Research Feature: Impact of living donation on women’s access to liver transplantation

Did you know?

  • Living liver donations accounted for 21% (1 in 5) of the estimated 36,000 liver transplants performed in WHO member countries in 2019. (Source)
  • In Canada, 1 in every 8 liver transplants is made possible by a living liver donor. (Source)
  • Two-thirds of Canadian living donors are women. (Source)

In August, Dr. Mamatha Bhat and team published their latest work Sex Disparity in Liver Transplant and Access to Living Donation in JAMA Surgery. It is known that women are disadvantaged in their access to deceased donor liver transplants, and their study examined whether living donation could help remedy this inequity. We caught up with Mamatha to find out more.

“As a transplant hepatologist looking after patients, I was interested in examining how access to living donor liver transplantation in a program impacted sex disparities on the waiting list.”
How do you think the research will advance the field?

The MELD Na score was transformational in decreasing overall waitlist mortality. However, over time, we have realized that there are certain subgroups that are disadvantaged by this score. For women, the disadvantage is multifactorial. Firstly, the MELD Na in women appears to underrepresent the degree of illness. Specifically, the creatinine in women tends to be lower due to lower muscle mass, and the sodium is also underreflected. Women with cholestatic liver disease such as PBC and PSC are also disadvantaged, due to the bilirubin being underweighted in the MELD Na score.
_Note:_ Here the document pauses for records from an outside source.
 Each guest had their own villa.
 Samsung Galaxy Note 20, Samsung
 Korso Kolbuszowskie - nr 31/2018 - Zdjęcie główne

Beyond prioritization, organ allocation depends on the match between the donor and recipient liver. Most deceased donor organs are from male donors, which could be a disadvantage to women with smaller bodies. A study by Locket et al in JAMA Surgery, 2020 confirmed that women were 14.4% less likely to receive a deceased organ compared to men, having accounted for geographic location, MELD score, and candidate anthropometric and liver measurements.

In our study, we confirmed that living donor liver transplantation is helpful to all patients (both women and men) on the waiting list, regardless of their clinical characteristics. Beyond this, we discovered that as a program performing living donor liver transplants, we can alleviate sex disparity on the waiting list. In fact, using competing risk analysis, we found that women benefited from access to living donor liver transplantation 1.38 times more than men.

Where should the research go from here?

Various studies have looked into how sex disparity on the waiting list could be rectified. However, none of the adjustments for factors such as GFR and liver volume have been able to rectify this disparity. Therefore, this is a very complex problem with no simple solution, given the number of variables involved and dynamics on the waiting list.

I feel that we should be developing a new prioritization and decreased donor organ allocation system that is responsive to the evolving clinical characteristics of waitlisted patients. It is likely that the optimal prioritization would vary based on the unique considerations of each jurisdiction in terms of indication for transplant and supply:demand mismatch. Until such time as we develop a more optimal and equitable prioritization and allocation system, living donation could be considered particularly if there is a substantial mismatch between organ supply and demand in a particular jurisdiction.

The CDTRP is proud to be supporting Dr. Bhat’s work through 2016 and 2018 Research Innovation Grants, funded in partnership with University Health Network.